In such a state, all the reset pulses P _R
When the write discharge is performed simultaneously for all the cells, the discharge intensity becomes almost uniform over all the cells, and thus the invalid light emission becomes almost uniform over all the cells, so that no noise is generated on the display screen. In addition, since the amount of wall charges formed by the writing discharge becomes almost uniform over all cells, the invalid light emission due to the self-erasing discharge also becomes uniform over all cells, and no noise is generated on the display screen. Further, since the state of the wall charges after the self-erasing discharge is also substantially uniform in all the cells, malfunctions in the subsequent address period and discharge sustaining period are reduced. In this way, it is possible to prevent the image quality from deteriorating due to the full reset.

It should be noted that, in the present invention, the above-mentioned Japanese Unexamined Patent Publication No.
In the case where the reset period in the first subfield of the field is defined as the entire reset period as described in Japanese Patent No. 78766, the above-described fine line erase pulse _PE is added immediately before the entire reset pulse in the entire reset period. Although
The present invention is not limited to this, and the thin line erase pulse is added to the entire reset period, as described above, even if the entire reset period is set in any subfield in the field.

The numerical values shown in the above embodiment are merely examples, and the present invention is not limited to such numerical values.

[0029]

As described above, according to the present invention,
Regardless of whether or not the sustain discharge was performed during the sustain discharge period, the wall charge amount can be made uniform in all cells immediately before all the reset pulses, so that the discharge intensity by all the reset pulses is almost uniform over all the cells. Thus, the deterioration of the image quality due to the full reset can be significantly improved.

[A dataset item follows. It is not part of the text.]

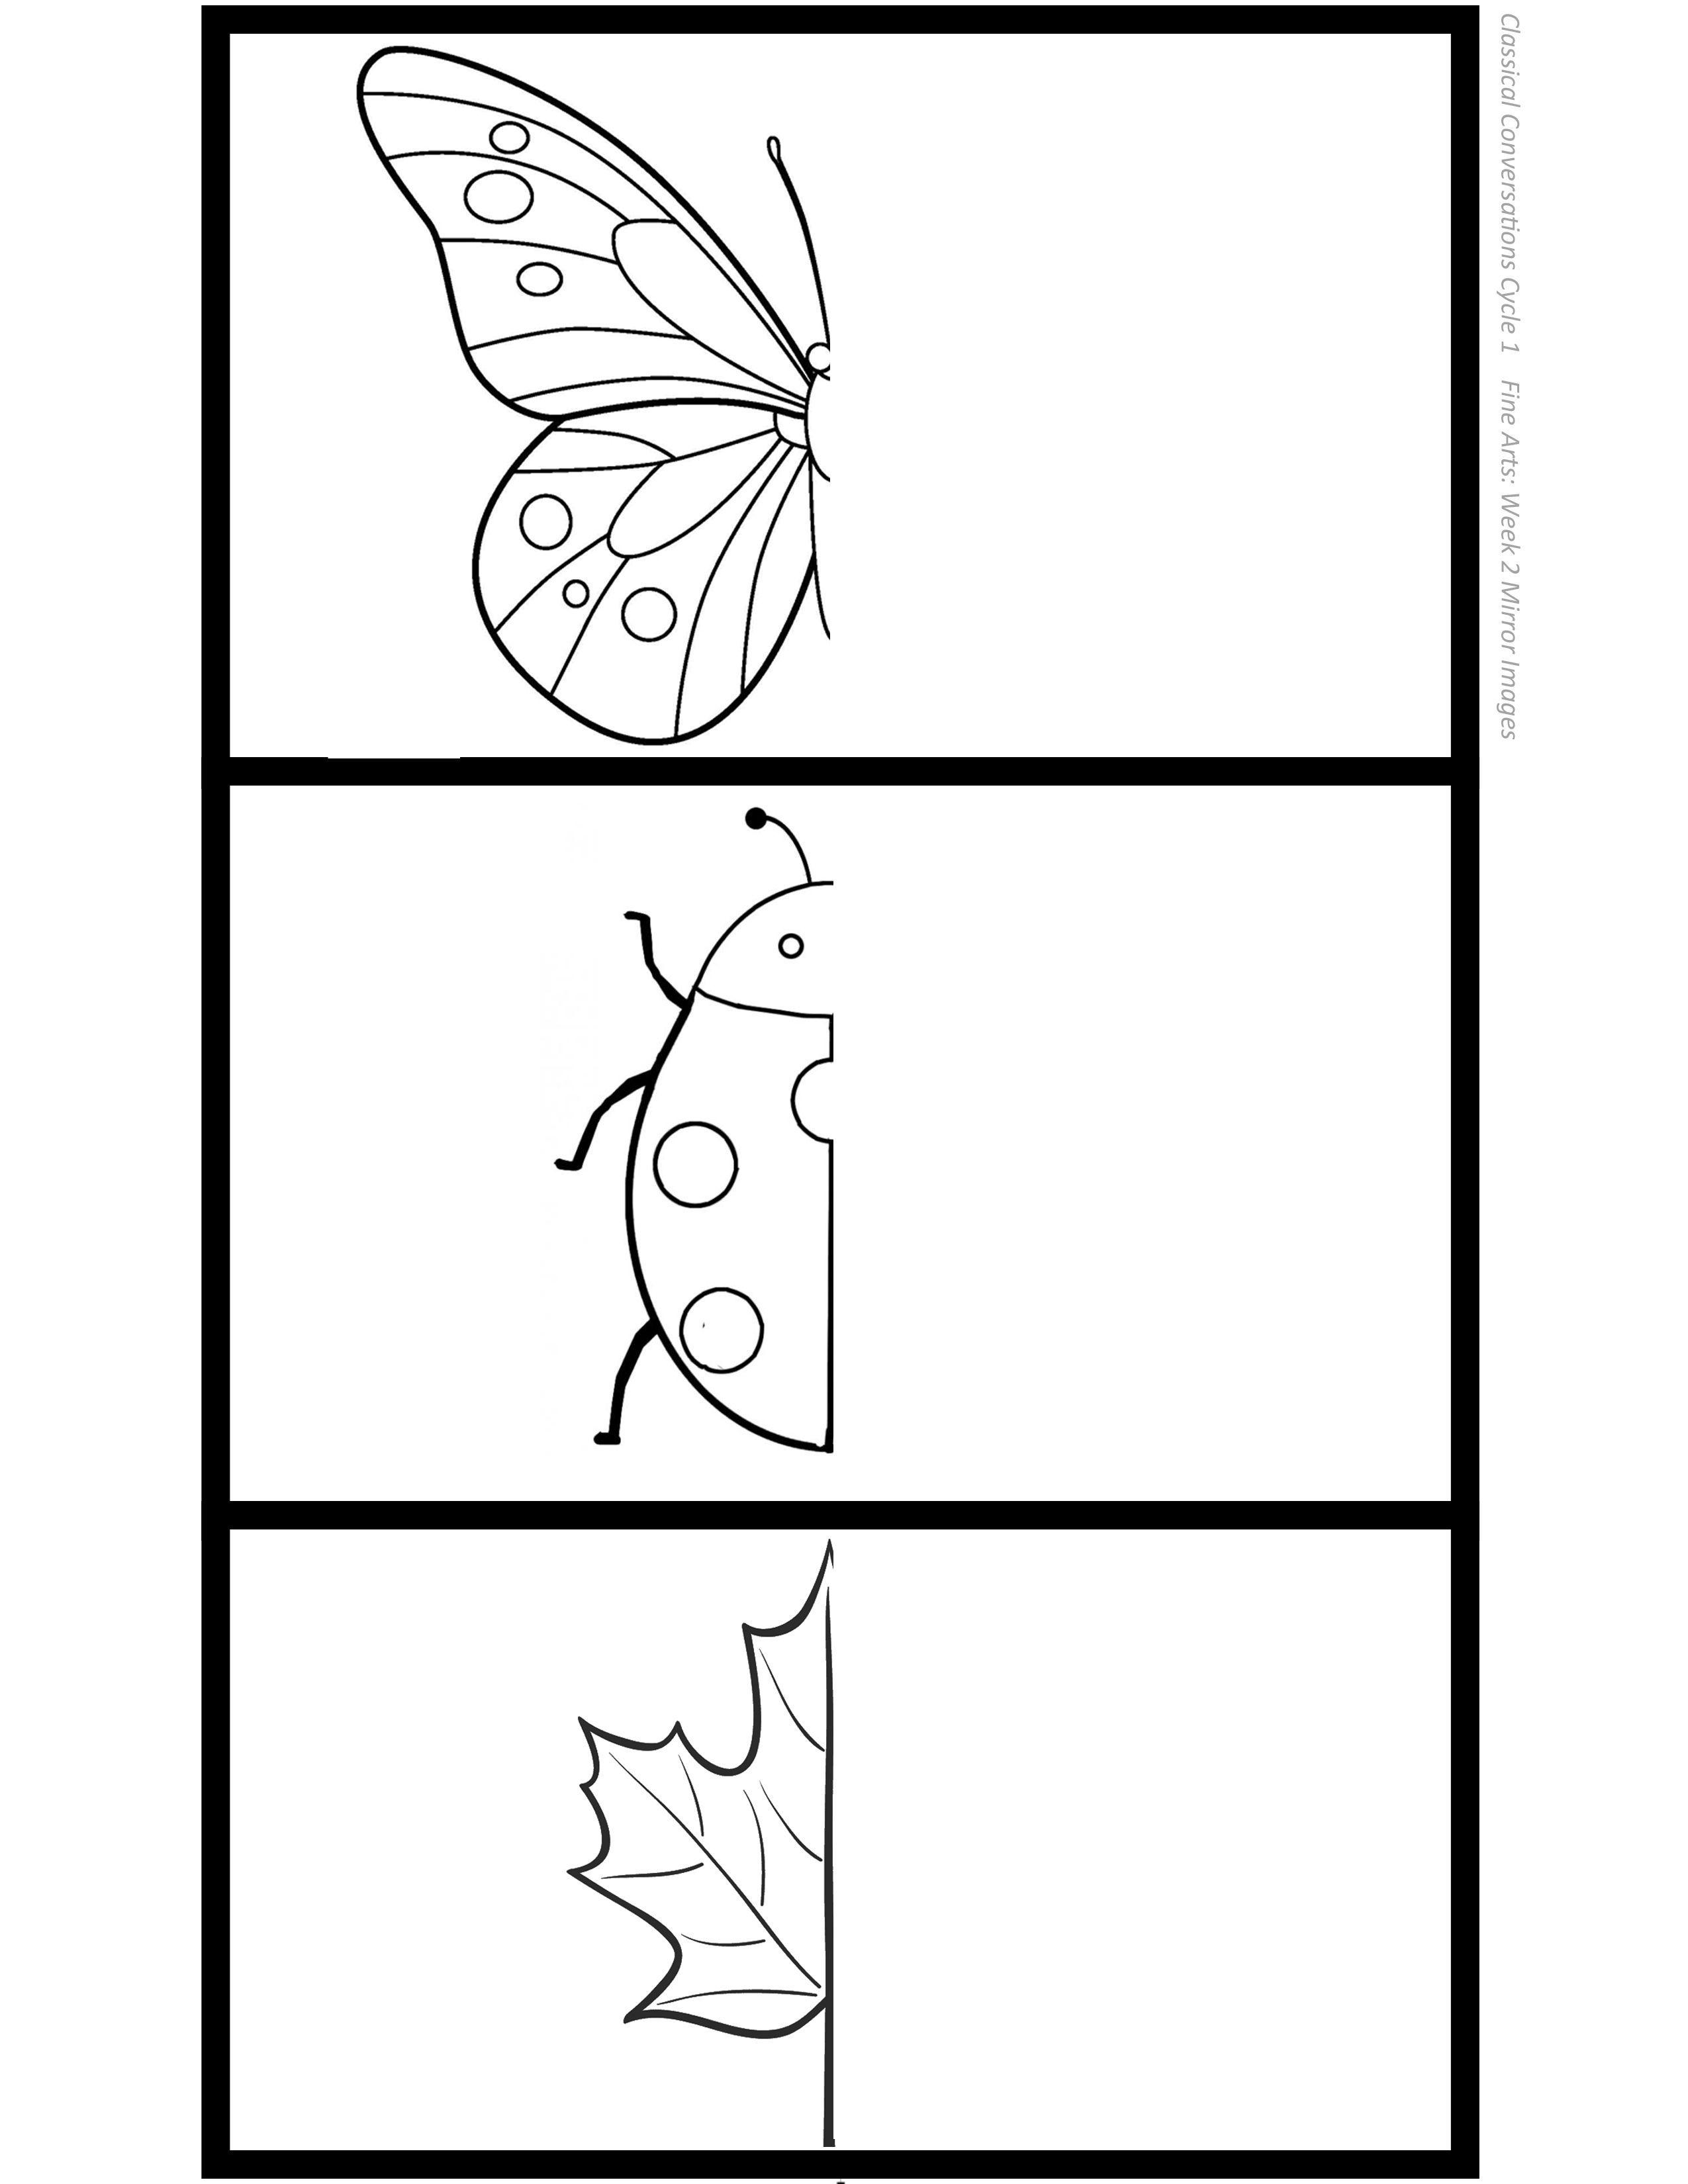 Mirror Image Drawing Printable

[Brief description of the drawings]

FIG. 1 is a diagram illustrating an embodiment of a driving method of a plasma display panel according to the present invention.

FIG. 2 is an exploded perspective view showing a part of the structure of the AC type plasma display panel.

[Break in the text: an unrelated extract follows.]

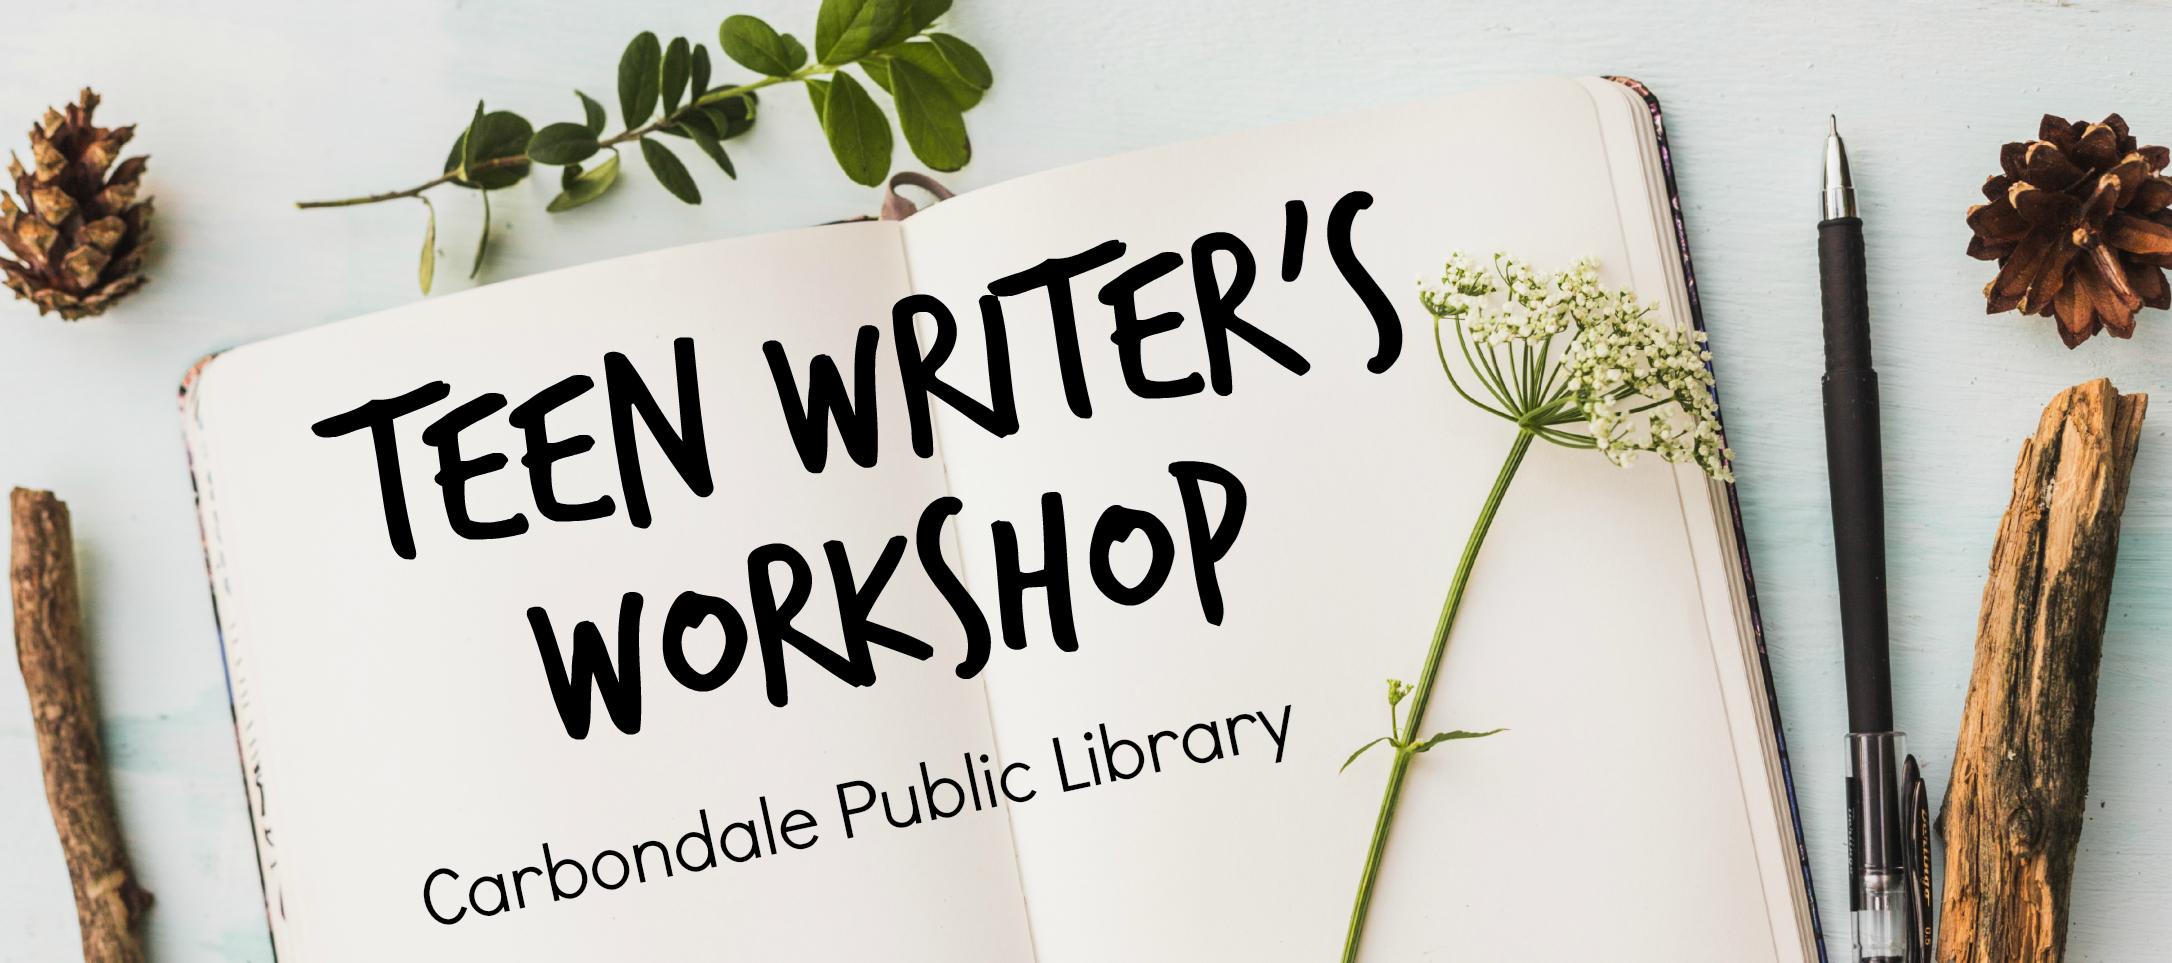 Teen Writer's Workshop

FIG. 3 is a cross-sectional view showing one cell portion of the plasma display panel viewed from the direction of arrow A in FIG.

FIG. 4 is a cross-sectional view showing three cell portions of the plasma display panel viewed from the direction of arrow B in FIG.

FIG. 5 is a diagram schematically showing an arrangement relationship of respective electrodes in an AC type plasma display panel.

FIG. 6 is a diagram showing a configuration of a subfield in a field for driving an AC plasma display panel.

[Explanation of symbols]

1 a plasma display panel 2 front glass substrate 3 X electrode 4 Y electrodes 9 rear glass substrate 10 address electrode 12 barrier rib 13 fluorescers P _S sustain discharge pulse P _E fine line erasing pulse P _R total reset pulse

 ──────────────────────────────────────────────────続 き Continuing from the front page (72) Inventor Takeo Masuda 292 Yoshida-cho, Totsuka-ku, Yokohama-shi, Kanagawa Prefecture, Hitachi, Ltd. Information Media Business Unit

Claims (2)

[Claims] 1. One field is divided into a plurality of subfields, each subfield is composed of a reset period, an address period, and a sustain discharge period, and the reset period in at least one subfield of one field In a driving method of a plasma display panel in which all cells are simultaneously reset by all reset pulses, wherein the pulse width and amplitude are such that wall charges are not generated immediately before the all reset pulses in the all reset period. A driving method for a plasma display panel, comprising the steps of: 2. The plasma according to claim 1, wherein the erase pulse is a thin line pulse having an amplitude substantially equal to the sustain discharge pulse in the sustain discharge period and having a pulse width narrower than the sustain discharge pulse. Display panel driving method.